Methods To test the activity of our novel TLR7/8 agonist, fresh human peripheral blood mononuclear cells (hPBMCs) were collected from healthy adult donors and stimulated with TLR7/8 agonist for 24 hours. Supernatants were then analyzed for cytokine production by ELISA. For pre-clinical murine studies to determine the efficacy of our novel TLR7/8 agonist as a cancer immunotherapy, LLC, B16F10, or MC38 tumor cells were implanted in the flank of C57BL/6 mice. Our novel TLR7/8 agonist was injected IV, SC, IP, or IT on days 5 and 12 post-implantation. For experiments where anti-PD-1 was used, anti-PD-1 was administered via IP injection on days 3, 6, and 9 post-implantation. To investigate changes in immune cell populations in the TME post-treatment, B16F10 tumors were treated with TLR7/8 agonist on days 5 and 12 post-implantation, or anti-PD-1 on days 3, 6, and 9 post-implantation, or both, and were harvested on day 12 post-implantation. Untreated tumors were harvested on day 12 post-implantation as controls. Tumors were disaggregated to single cell suspensions, stained with phenotyping antibodies, and analyzed by flow cytometry.

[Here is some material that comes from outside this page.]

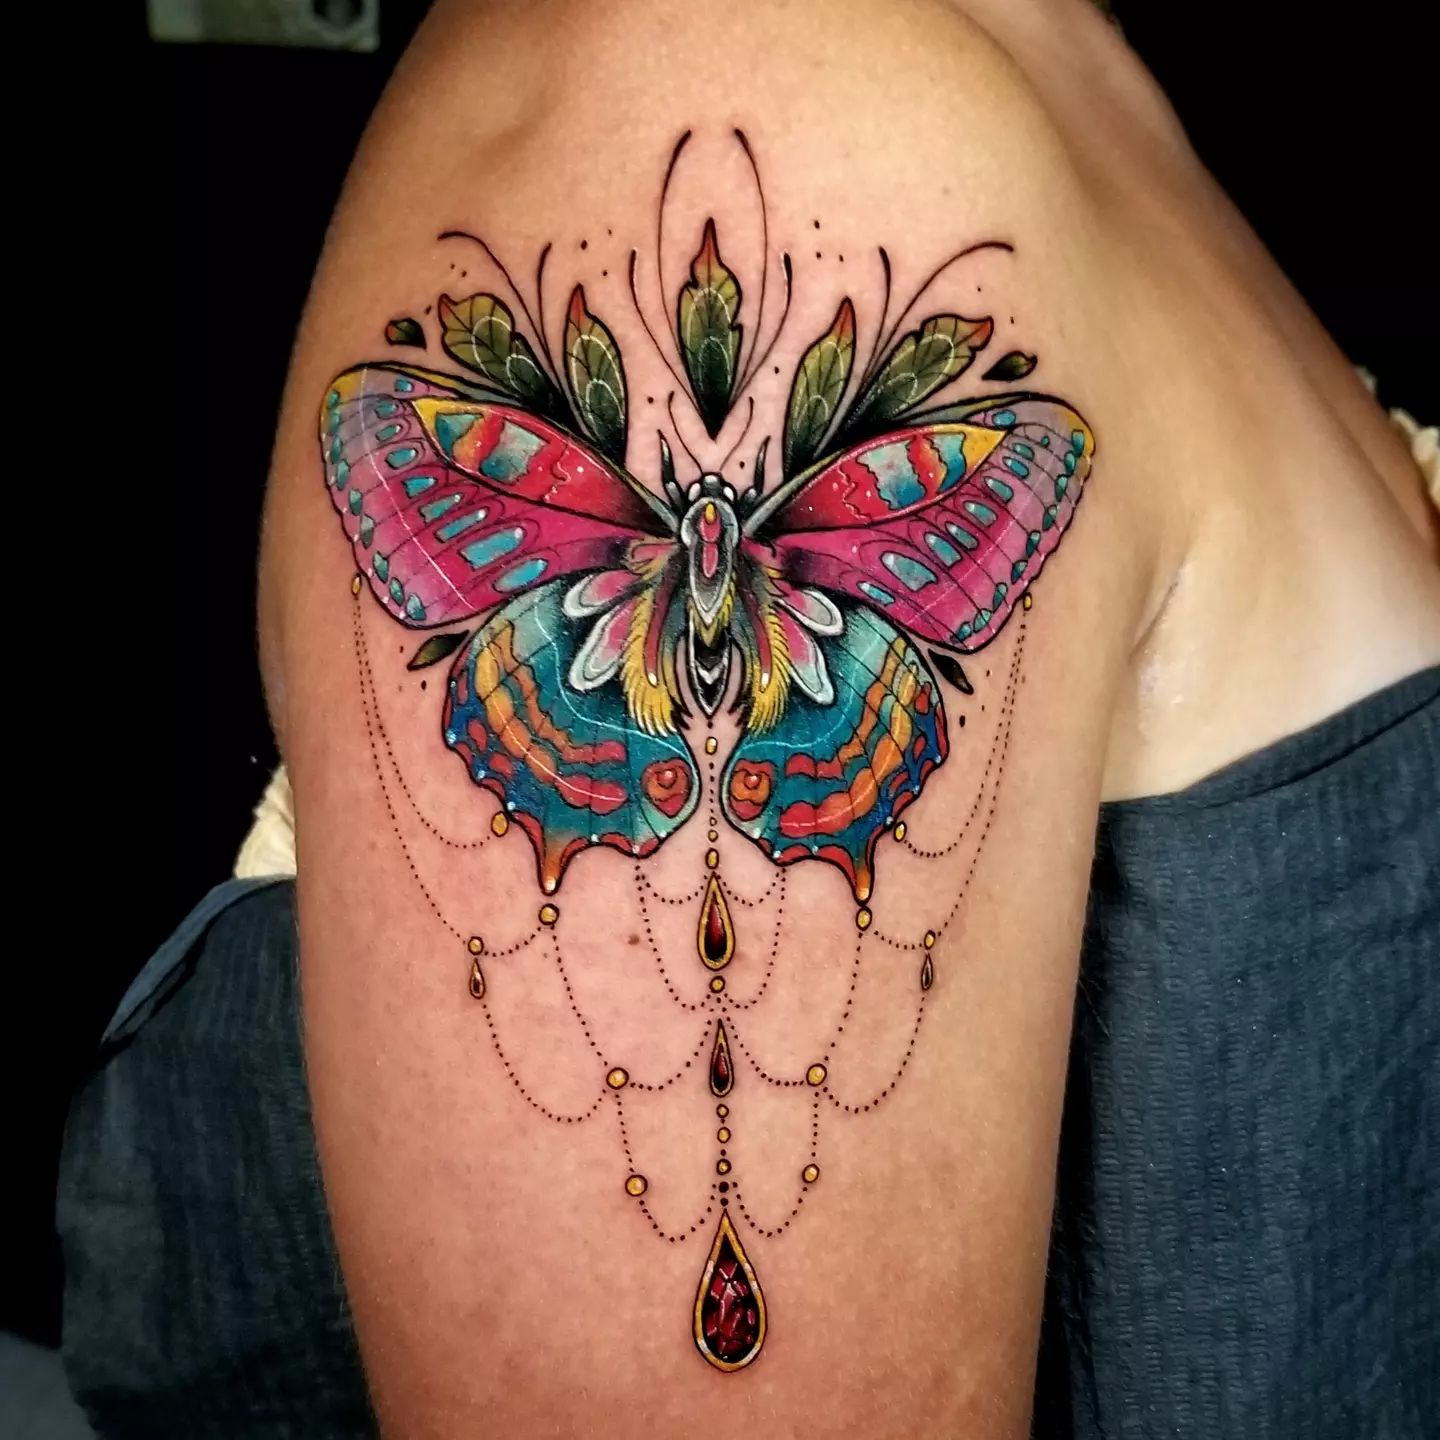 Tatuaje de mariposa colorido y artístico

Results The lead formulation of our novel TLR7/8 agonist was able to eliminate Lewis Lung Carcinoma (LLC) flank tumors in 80% of mice after just two treatments. Further, as a monotherapy, our novel TLR7/8 agonist slowed growth of MC38 and B16F10 flank tumors and synergized with anti-PD-1 therapy, leading to a 100% rejection rate in MC38 flank tumors and a 75-100% rejection rate in B16F10 tumors when both treatments were used in combination depending on the route of administration and dose schedule. Mechanistically, the combination of our TLR7/8 agonist plus anti-PD-1 lead to increases in monocytes, B cells, and CD8 T cell populations in the TME of B16F10 flank tumors when compared to treatment with TLR7/8 agonist or anti-PD-1 alone.

Conclusions As we advance our novel synthetic TLR7/8 agonist to Phase I clinical trials, these data suggest potential efficacy as a monotherapy or in combination with checkpoint inhibitors in patients with solid tumors.